前言: 太久没有整理博客了,大概是因为最近接触的人多了,乏了;或是因为觉得感性是可以让人长久迷失的,于是选择逃避这份伤痛。所以奶奶去世的时候我选择不哭,选择淡化。只是在老爸打电话来问我的时候感觉到了一份凄楚…


  “人人都有伤,看你如何面对。” - Confession of Pain《伤城》
  “Each of us has our own painful and sad experiences. The way in which we deal with them is different but what is important is how we pick ourselves up and stand tall again.”

    不喜欢伤城这部电影,但早早便看过了,除了梁朝伟那迷离的眼神,记住的恐怕只有这一句台词了。会想起这句话是因为昨天下午14时28分,四川汶川发生7.8级地震,北京、上海、浙江等地均有明显震感...一整天,人人都在谈论死亡和悼念。避无可避的时候,人只好选择面对。才发现无论是过了多久的伤口,只要触碰,还是会痛。

    最早了解‘死亡’这个词大概是在我七岁多的时候吧。再小些的时候不管觉得生活怎么可怕,也决然不会想到死亡,而宁愿选择相信童话故事的结局,期待有一天我也能想一个公主一样摆脱厄运,找到幸福。也记不清是为了什么,老爸又一次叫我去死,那种眼神里包含的东西让我头一次感到绝望。一瞬间忽然觉得好像有了勇气,所以默默地起身搬了一小板凳,很困难地爬上阳台的台沿。小小的年纪连悲怆都不会写但却真实地感受到了,以前生活的片断一股脑涌现在眼前,所以哭了,但不是因为害怕。再后来被老爸一把拉了下来,没死成,也断了我这一辈子唯一一次想死的勇气。

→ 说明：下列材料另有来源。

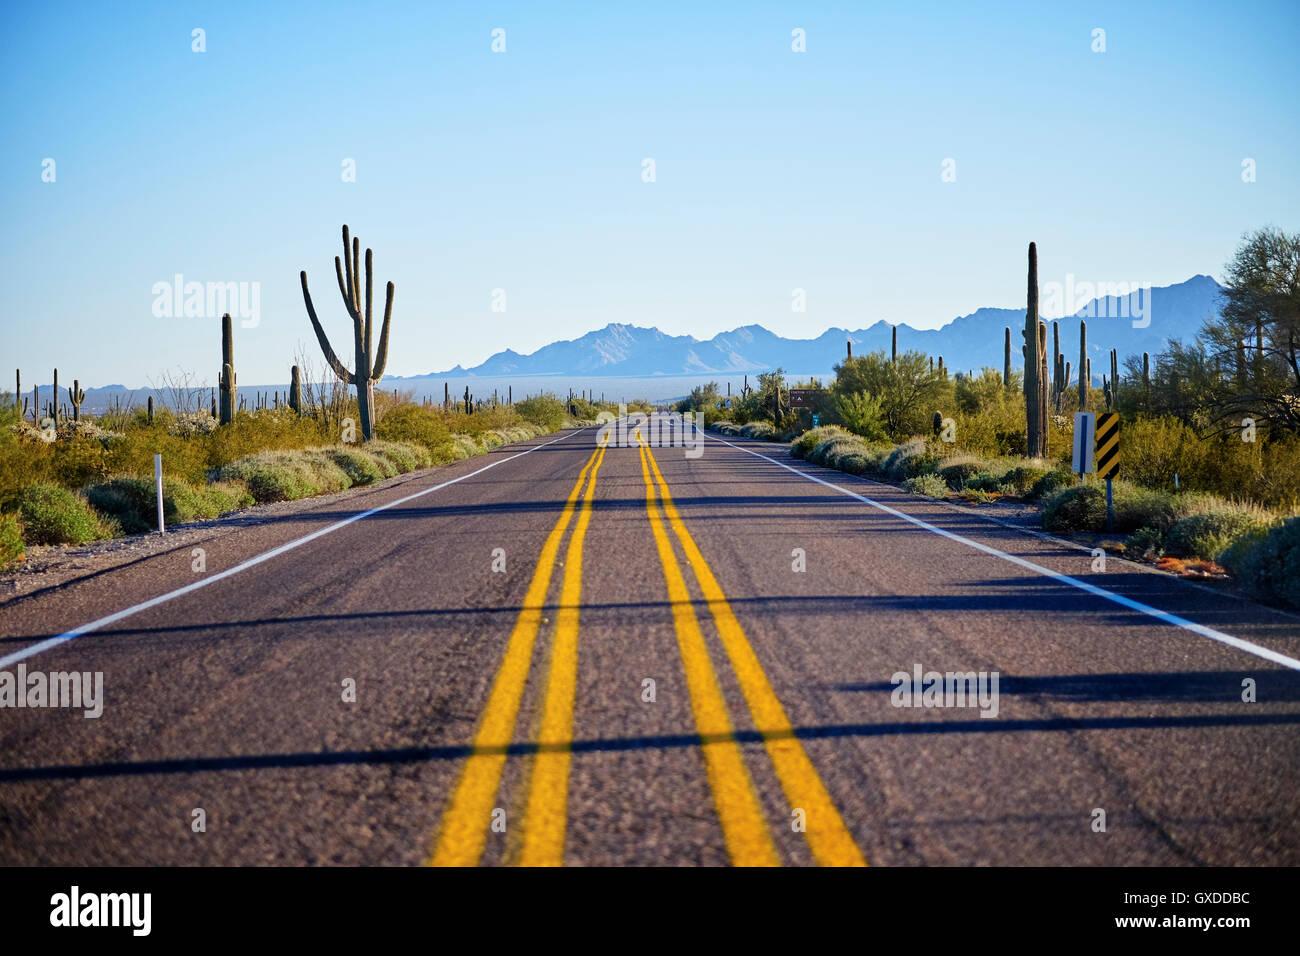 Desert highway, Organ Pipe Cactus National Monument, Arizona, USA - Stock Image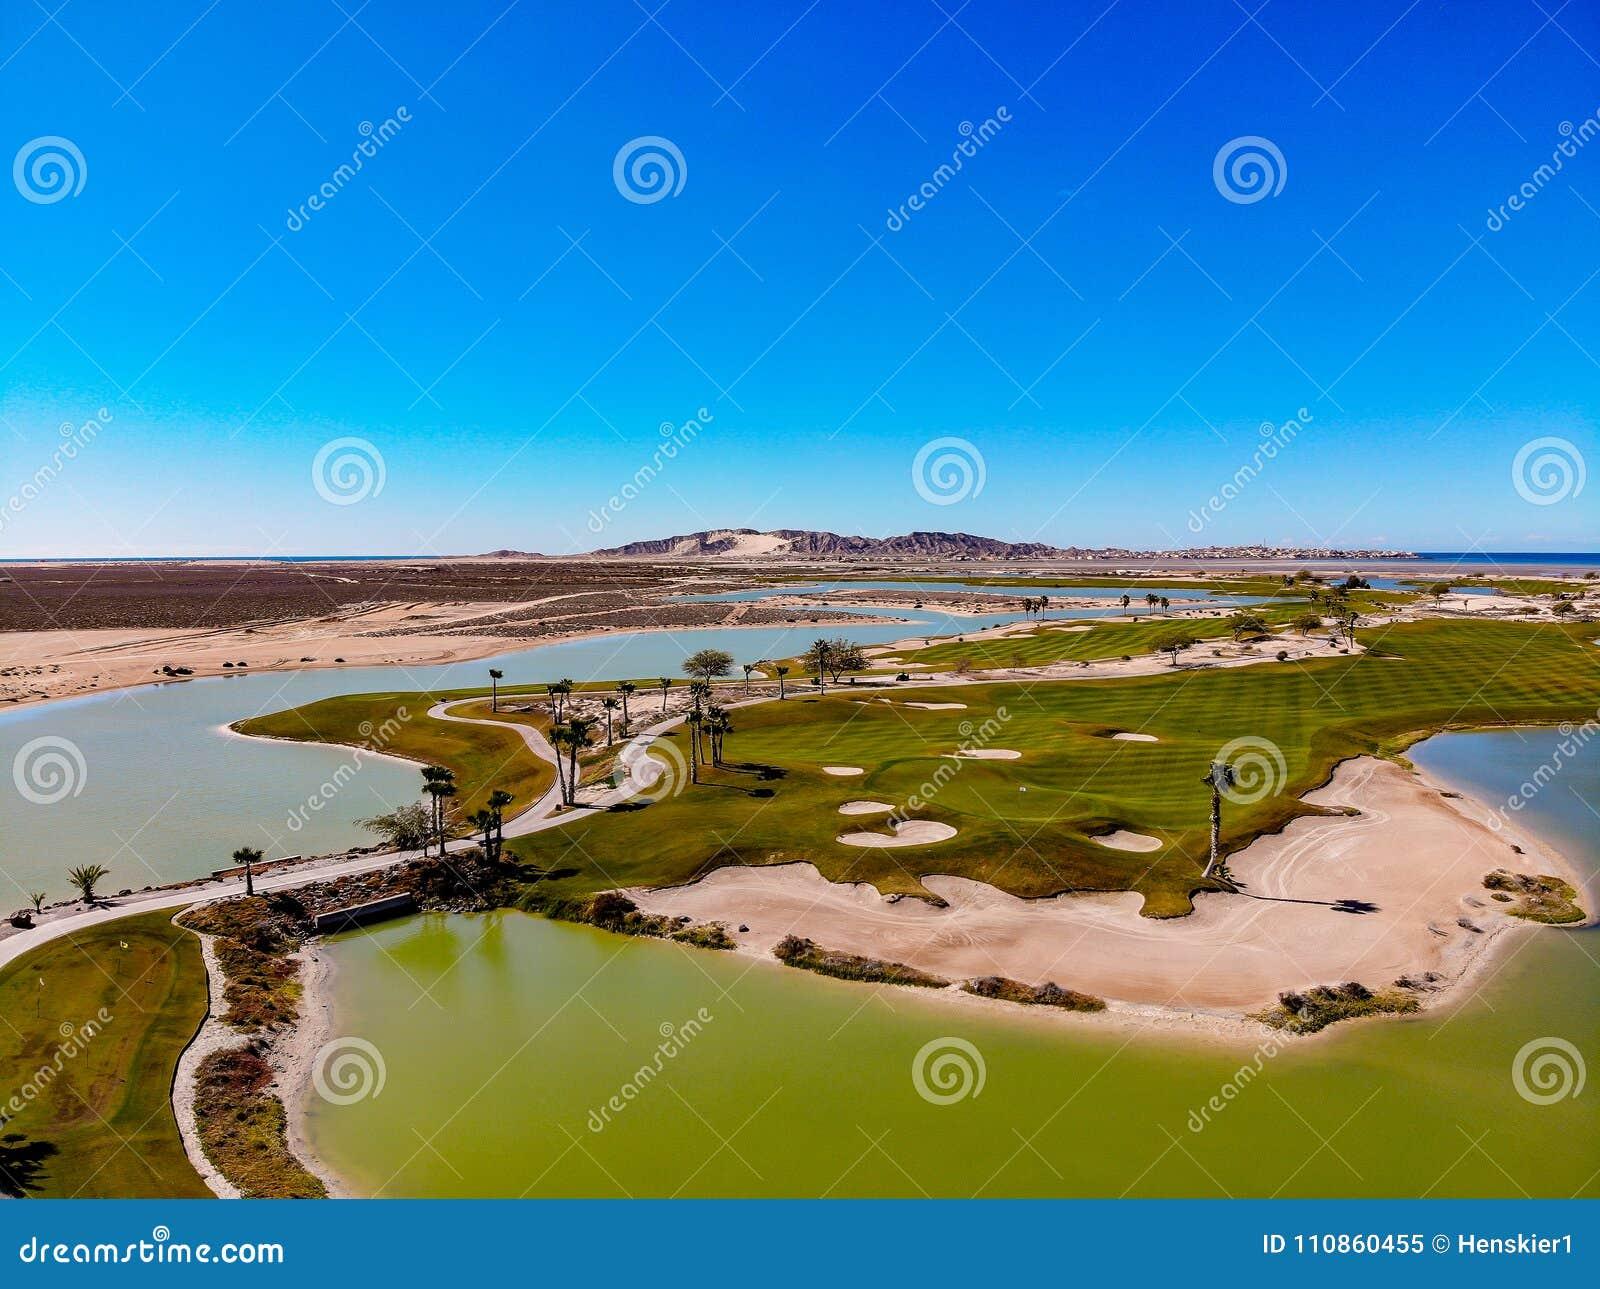 View Of Nicklaus Designed Islas Del Mar Golf Course Editorial Image

    或许正是因为这些伤痛,母亲才越发心疼我,后来家境好些了,母亲的爱在旁人眼中就愈发泛滥了。很多亲戚说母亲太纵孩子,是过分溺爱了。他们哪里懂得,如果不是这份爱的支撑,我也早就没了活的勇气,也不会有现在这份乐观的心境。

    现在想想,十几年的时间,我经历了很多人一辈子都无法经历的事情:我试过第一次学游泳沉到水库底昏过去了,试过一个人在家烧水被电击倒在地,试过腰上系了一根绳子就敢从5楼天台爬下去帮朋友拿钥匙…每一次我以为我接近死亡了,最后都活了下来。这让我明白了一个道理:这个世界上没有比死亡更难战胜的事情了,所以不管遇到多大的困境,我都告诉自己,只要人还活着,就有改变一切的希望。还有,记住总有爱你的人在你身旁。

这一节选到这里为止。